Asked by Allen
How many mL of 0.0257 N KIO3 would be needed to reach the end-point in the oxidation of 34.2 mL of 0.0416N hydrazine in hydrochloric acid solution
Answers
Answered by
DrBob222
me = milliequivalents.
me IO3 = me NH2NH2 and
me = mL x N, then
mL x N = mL x N
Substitute and solve for mL IO3
me IO3 = me NH2NH2 and
me = mL x N, then
mL x N = mL x N
Substitute and solve for mL IO3
Answered by
Allen
This exercise is from Schaum's book of chemistry, and the answer has to be 55,4 ml but I don't get that result ( my result is 51,7 ml).
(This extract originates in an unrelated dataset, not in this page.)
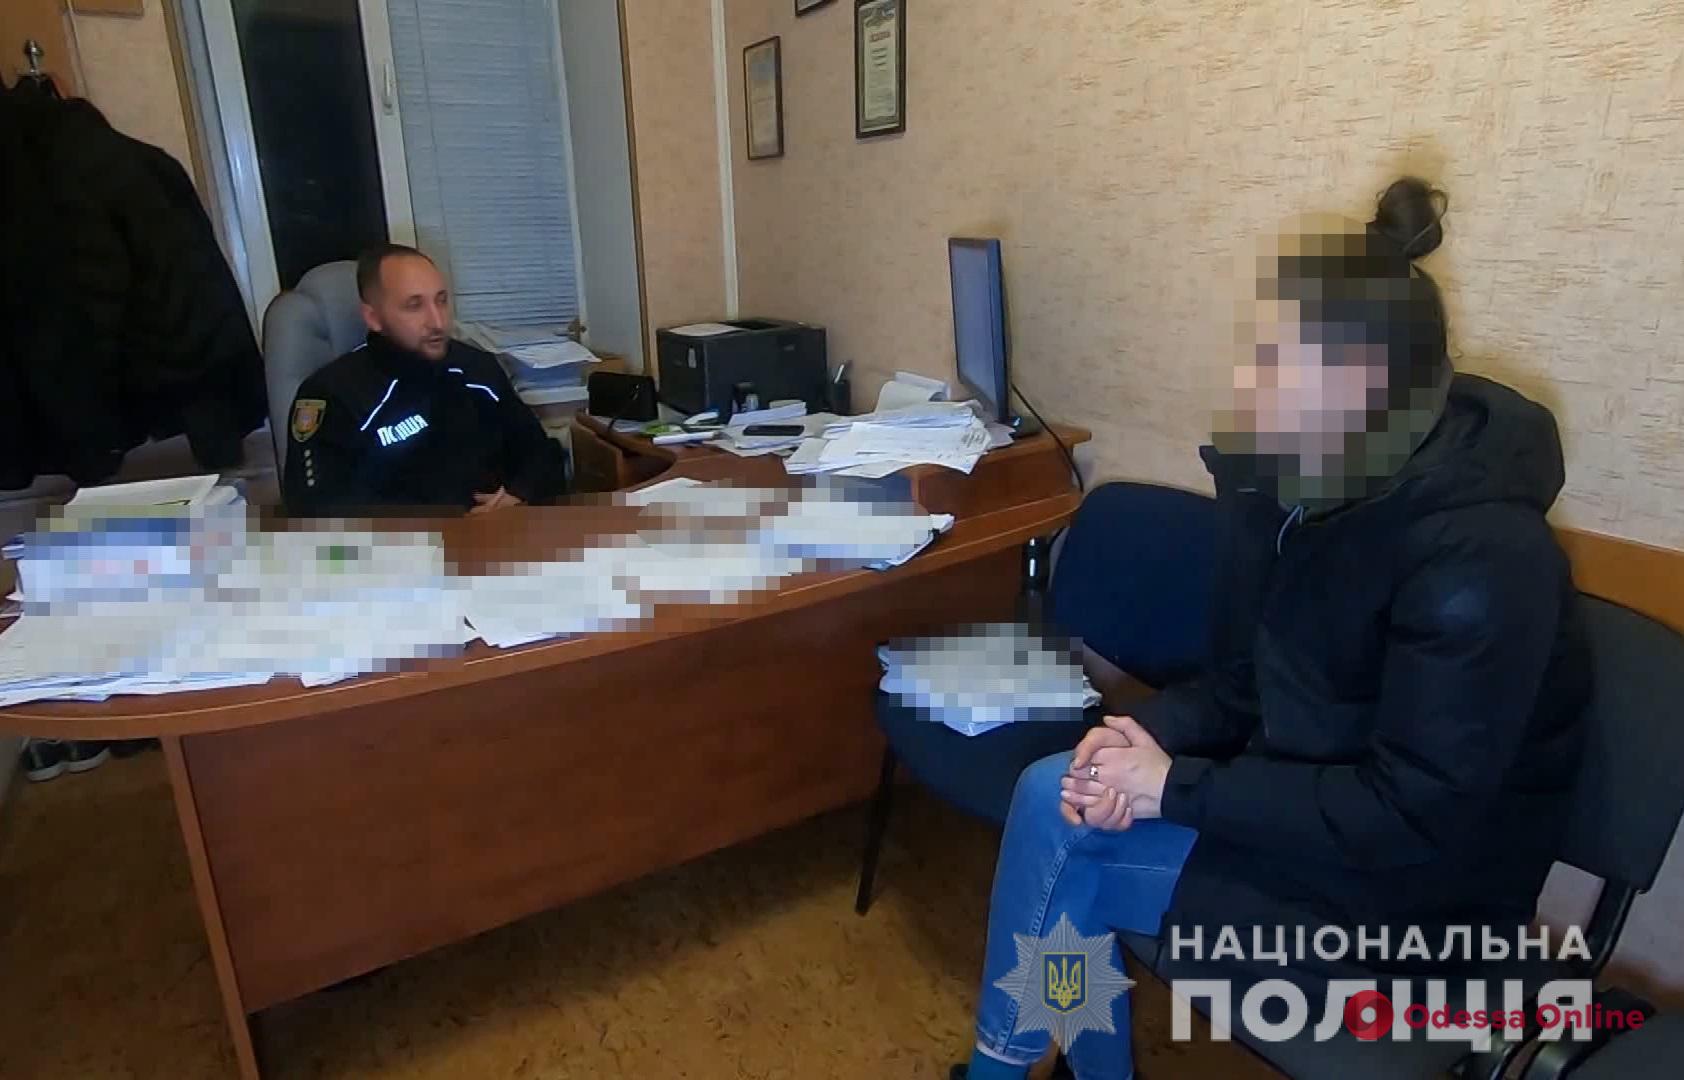 Амфетамин, экстази и пистолет: в Одесе полицейские пресекли семейный наркобизнес

I did all the steps and solve for mL of IO3 , is there something that I'm missing?
My steps were:
Vhidrazine×Chidrazine=VKIO3×CKIO3
VKIO3=Vhidrazine×Chidrazine/CKIO3
Is the book wrong?
I did all the steps and solve for mL of IO3 , is there something that I'm missing?
My steps were:
Vhidrazine×Chidrazine=VKIO3×CKIO3
VKIO3=Vhidrazine×Chidrazine/CKIO3
Is the book wrong?
Answered by
DrBob222
No. Schaum's is right. If I do it I get 55.3587 mL which rounds to 55.4 mL. You must be punching in the wrong numbers or the wrong key somewhere. Make sure you haven't transposed a number.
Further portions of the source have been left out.